Jean Clitheroe passed away in 2017 aged 76 leaving an estate worth £325,000. She had excluded her daughter, Susan, from her will. Mrs Clitheroe had left a letter of wishes detailing her reasons for excluding Susan, stating that she was a “shopaholic and would just fritter it away”. The solicitor who prepared Mrs Clitheroe’s will prepared a note of conversations with his client, in which Mrs Clitheroe stated that her daughter was a “spendthrift” and she did not wish for her to inherit.

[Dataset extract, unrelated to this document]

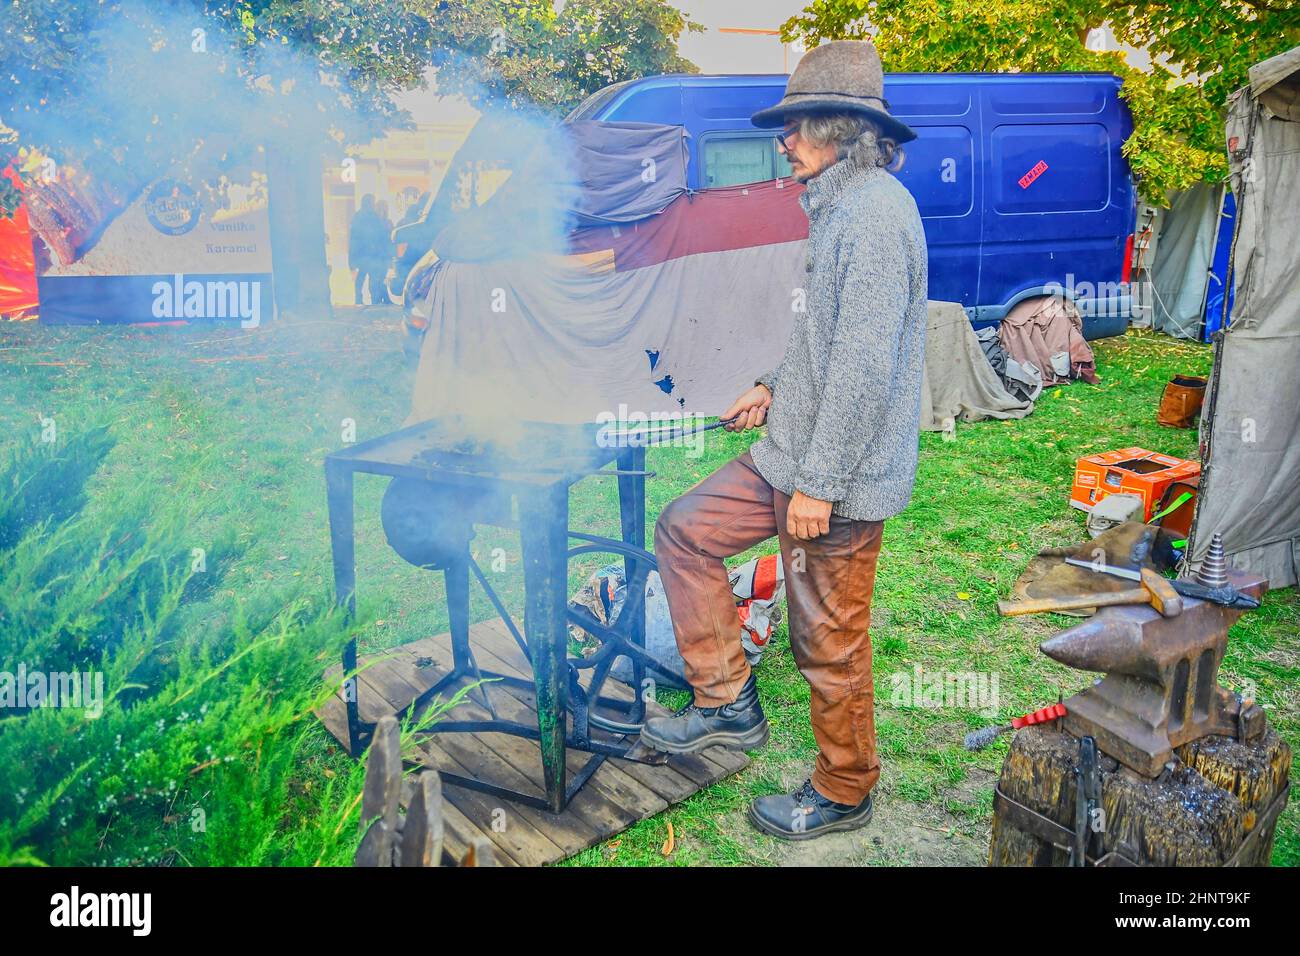 Street performer as blacksmith. Street performers can fool passersby and entertain tourists. Stock Photo

Following her mother’s death, Susan sought to challenge the will on the grounds that Mrs Clitheroe lacked mental capacity.  She alleged that her mother suffered with ‘insane delusions’ which affected her will to the extent that she lacked the mental capacity to make a valid Will (known as ‘testamentary capacity’).   

Test for capacity

The legal test for testamentary capacity is set out in the seminal case of Banks v Goodfellow [1870].  One element of the test is that the testator must not suffer with any ‘insane delusions’ or ‘disorder of the mind’ which affects the dispositions they purport to make under their will. On the facts of Banks v Goodfellow itself, the deceased had a strong aversion to a local man whom the deceased believed to be persecuting him. There was evidence that those beliefs were due to the deceased suffering with delusions. Nevertheless, his delusional beliefs had no bearing on the content of his will, and so he was deemed to have sufficient testamentary capacity.  

Outcome of this case

However, in Mrs Clitheroe’s case, Susan alleged that her mother was suffering with a complex grief reaction due to the death of one of her other children. This was followed by depression and caused Mrs Clitheroe to experience insane delusions concerning Susan’s spending habits.

Medical evidence called to assist on the issue of Mrs Clitheroe’s mental capacity was divided. The expert called by the executor (seeking to uphold the will) said it was unlikely Mrs Clitheroe suffered with any delusions as a result of her condition. On the other hand, the medical expert called by Susan (seeking to challenge the will) suggested that Mrs Clitheroe was suffering with a mental disorder to such an extent that her mental capacity to make a will was compromised.

The High Court held that Mrs Clitheroe was suffering with delusional beliefs concerning Susan which directly affected the content of her will. Therefore, Mrs Clitheroe did not have testamentary capacity at the time she made a will in 2010, neither did she have capacity at the time she amended her will in 2013. As such, both wills were invalid and Mrs Clitheroe’s estate was administered under the intestacy rules.

Guidance for practitioners

The case is yet another reminder of the complexities of mental capacity assessments, particularly in cases where a client may appear, on the face of it, to have rational reasons for excluding a potential beneficiary. Practitioners ought to discuss with clients their family background and the reasons for wanting to exclude individuals. That way, practitioners can assess whether those reasons appear rational or if there may be a concern about the testator suffering with delusions. It remains best practice to always obtain a medical opinion when making a will for a person whose mental capacity is in doubt or liable to challenge.